Step 5 — Bring the results back¶
Tarball the outputs/ and boltz_out/ directories on Colab:
!tar -czf binders.tar.gz outputs boltz_out
from google.colab import files
files.download("binders.tar.gz")
Drop the results tarball into your local runs/demo/design/ (creating the
directory if needed). bindsight validate then materialises
validate/validated.parquet from it and bindsight rank ranks the binders
automatically.
You can also inspect the binders manually:
mkdir -p runs/demo/design && tar -xzf binders.tar.gz -C runs/demo/design/
ls runs/demo/design/outputs/ # designed binder PDBs
Open them in PyMOL, NGL, or ChimeraX.
Cost expectations¶
| Tier | GPU | Designs you can run | Approx wall time | Cost |
|---|---|---|---|---|
| Colab free | T4 (16 GB) | 5–10 | 30–60 min | $0 |
| Colab Pro | T4 / V100 | 20–50 | 1–2 hr | $10/mo |
| Colab Pro+ | A100 (40 GB) | 50–200 | 30 min | $50/mo |
| Modal | A100 (40 GB) | 50–200 | 20 min | ~$3 |
The bindsight design --backend modal --dry-run command gives you a precise
estimate for your specific config:
bindsight design runs/demo --backend modal --designer rfdiff_mpnn \
--trajectories 50 --dry-run
# → Cost estimate panel shows GPU-hours and USD
Troubleshooting¶
| Symptom | Likely cause | Fix |
|---|---|---|
| RFdiffusion install fails on Colab | weights download from IPD's server timed out | re-run the install cell; sometimes you need to wait for a less-loaded time of day |
| OOM on T4 | binder too long or target too big | reduce binder_length to ≤100, or upgrade to A100 |
| Boltz-2 install fails | torch version mismatch | restart Colab runtime and re-install in a fresh runtime |
| All designs look the same | RFdiffusion converged on one minimum | increase num_designs and add noise_scale=0.3 |
Why we don't auto-launch Colab from the CLI¶
Google's Colab API doesn't let third-party apps spin up free-tier notebooks
without OAuth (and rate-limits the OAuth flow heavily). Modal is the right
backend for "no clicks, runs on a schedule" workflows; Colab is the right
backend for "free GPU and I'm willing to click two buttons." bindsight
supports both — pick per command via --backend.
The one-command versions¶
bindsight design writes this notebook for you (and the headless backends run
it for you end-to-end):
# Colab: writes a ready-to-run notebook per target (the manual recipe above)

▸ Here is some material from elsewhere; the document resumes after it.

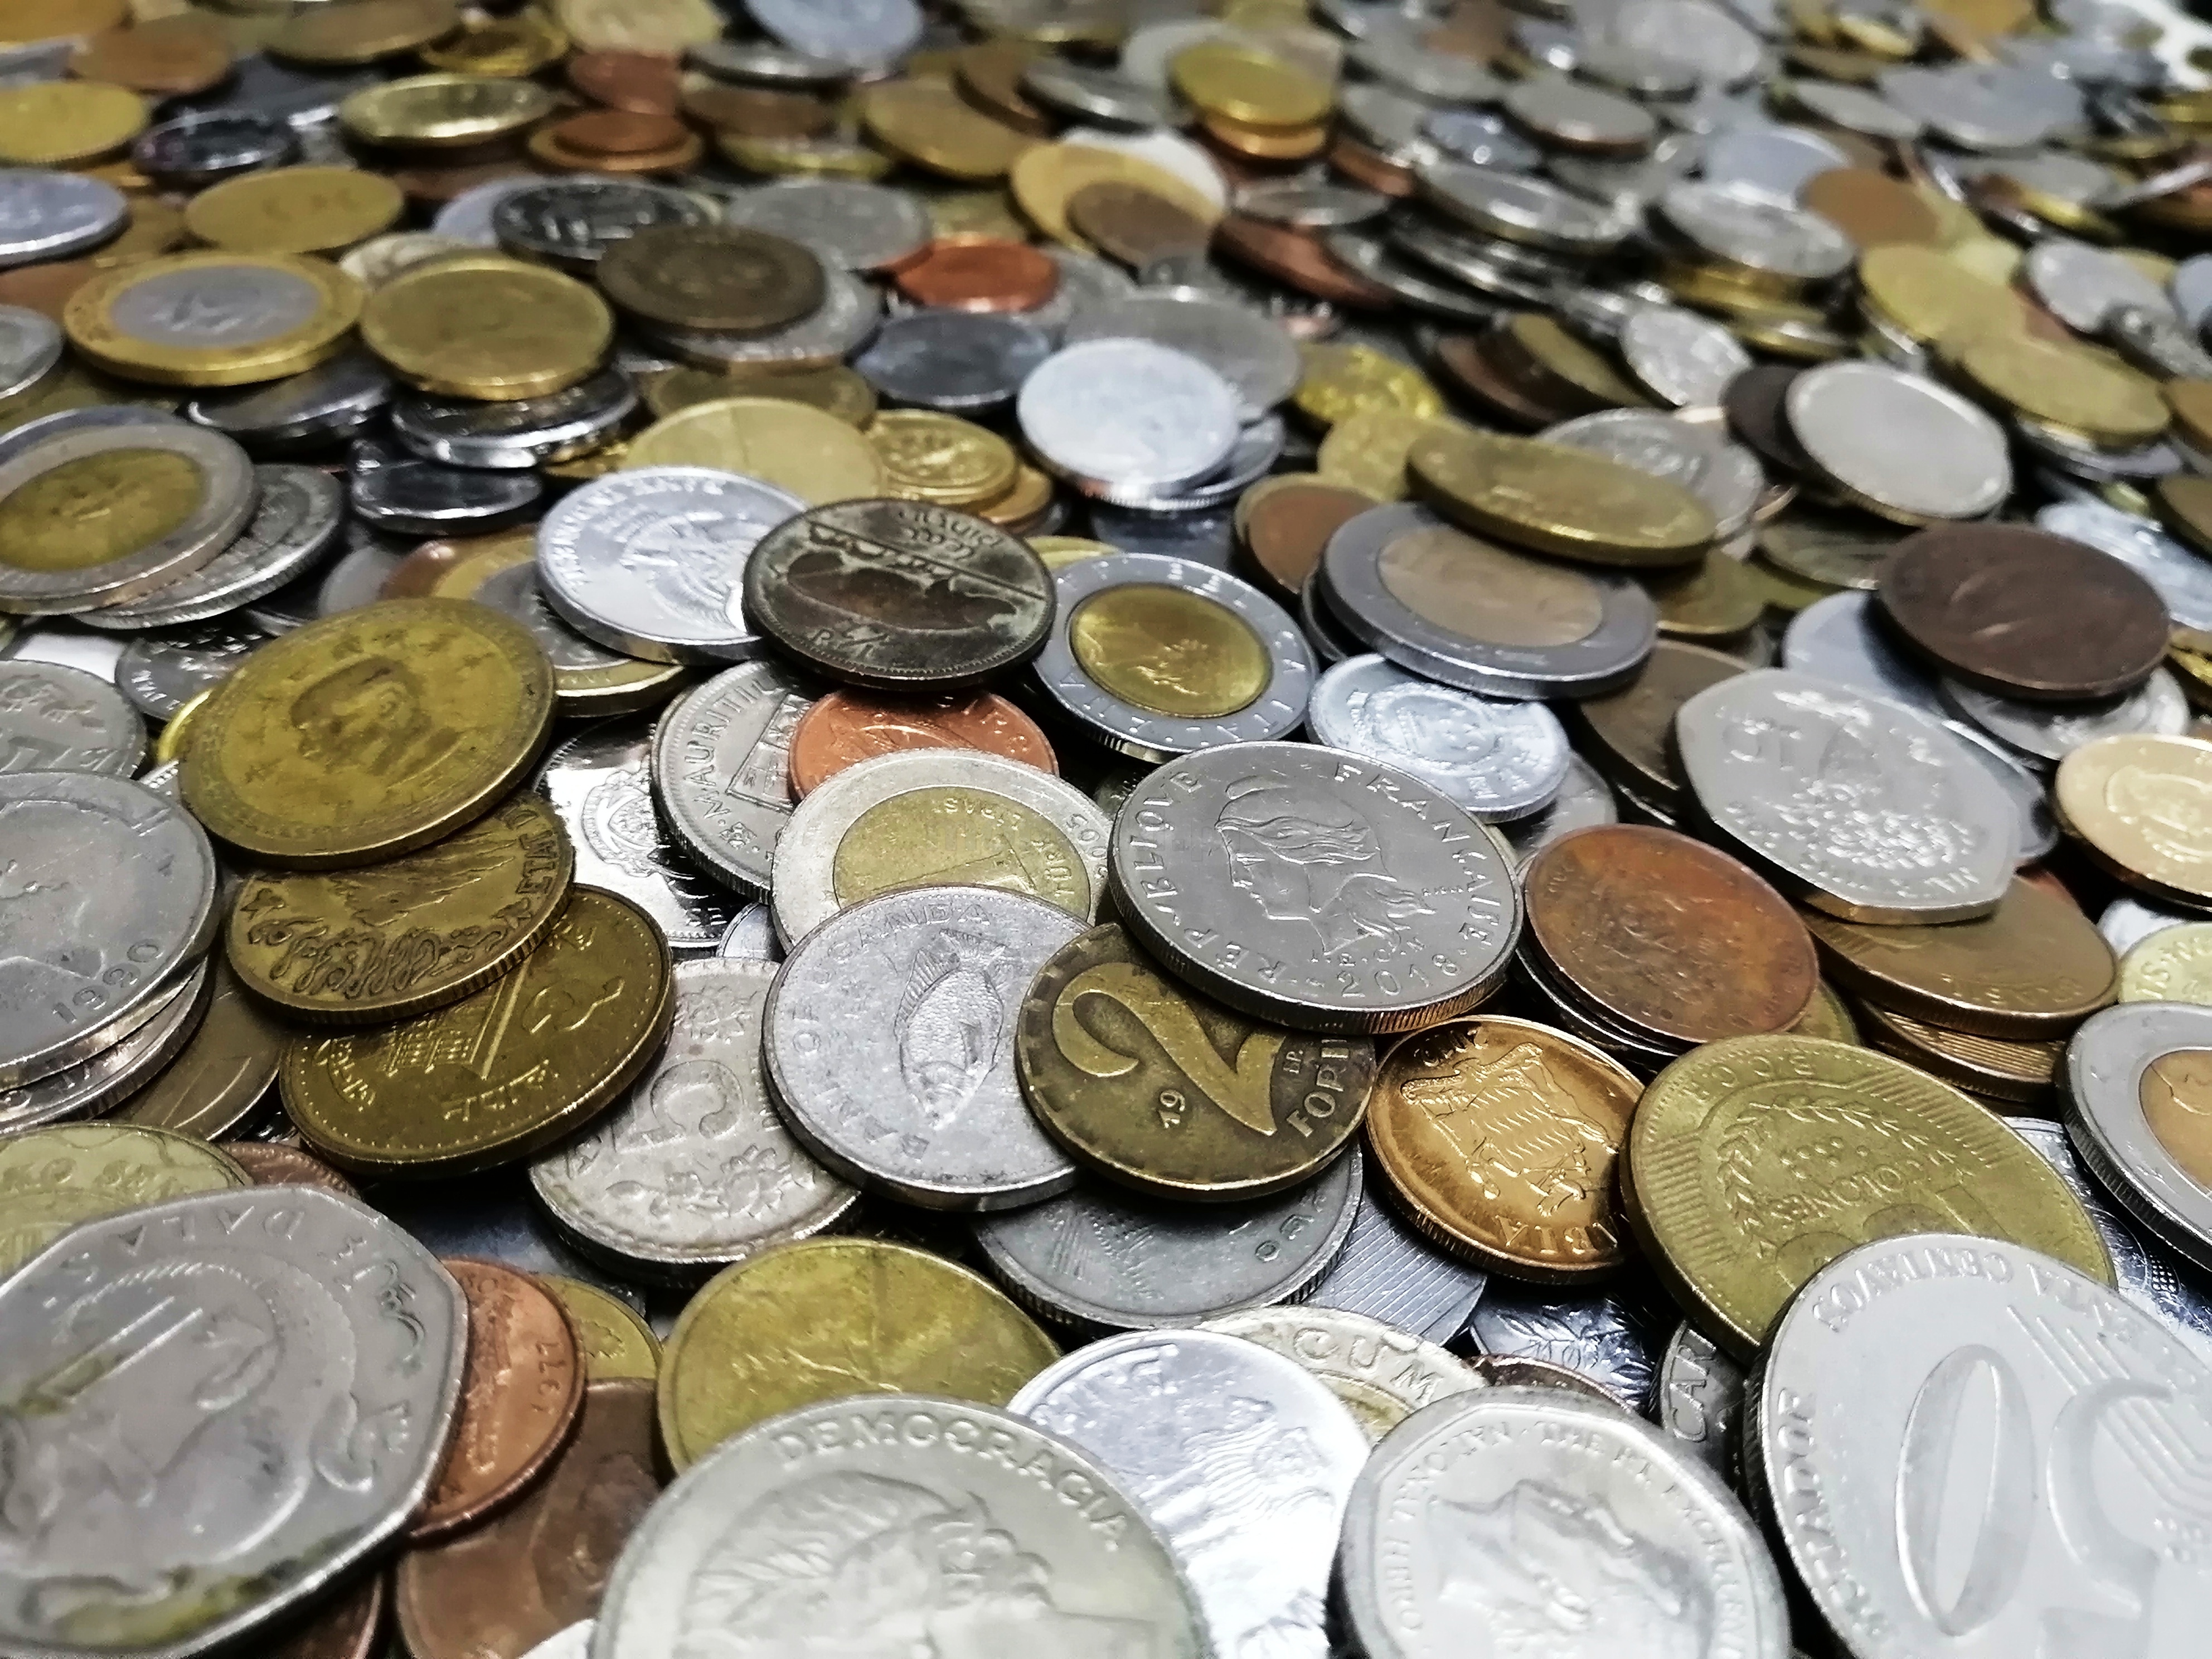 Миксы монет на вес по 1 кг. Содержание экзотики 50%., фото , изображение 7

bindsight design runs/demo --backend colab --designer rfdiff_mpnn
# Headless GPU: runs RFdiffusion → ProteinMPNN → Boltz-2 and pulls results back
bindsight design runs/demo --backend modal --designer rfdiff_mpnn
bindsight design runs/demo --backend local_docker --designer rfdiff_mpnn # your GPU
bindsight validate runs/demo
bindsight rank runs/demo
The Colab notebook itself is just a thin wrapper over the same executor
(bindsight.runners.job_exec) the headless backends run, so the result is
identical whichever path you choose.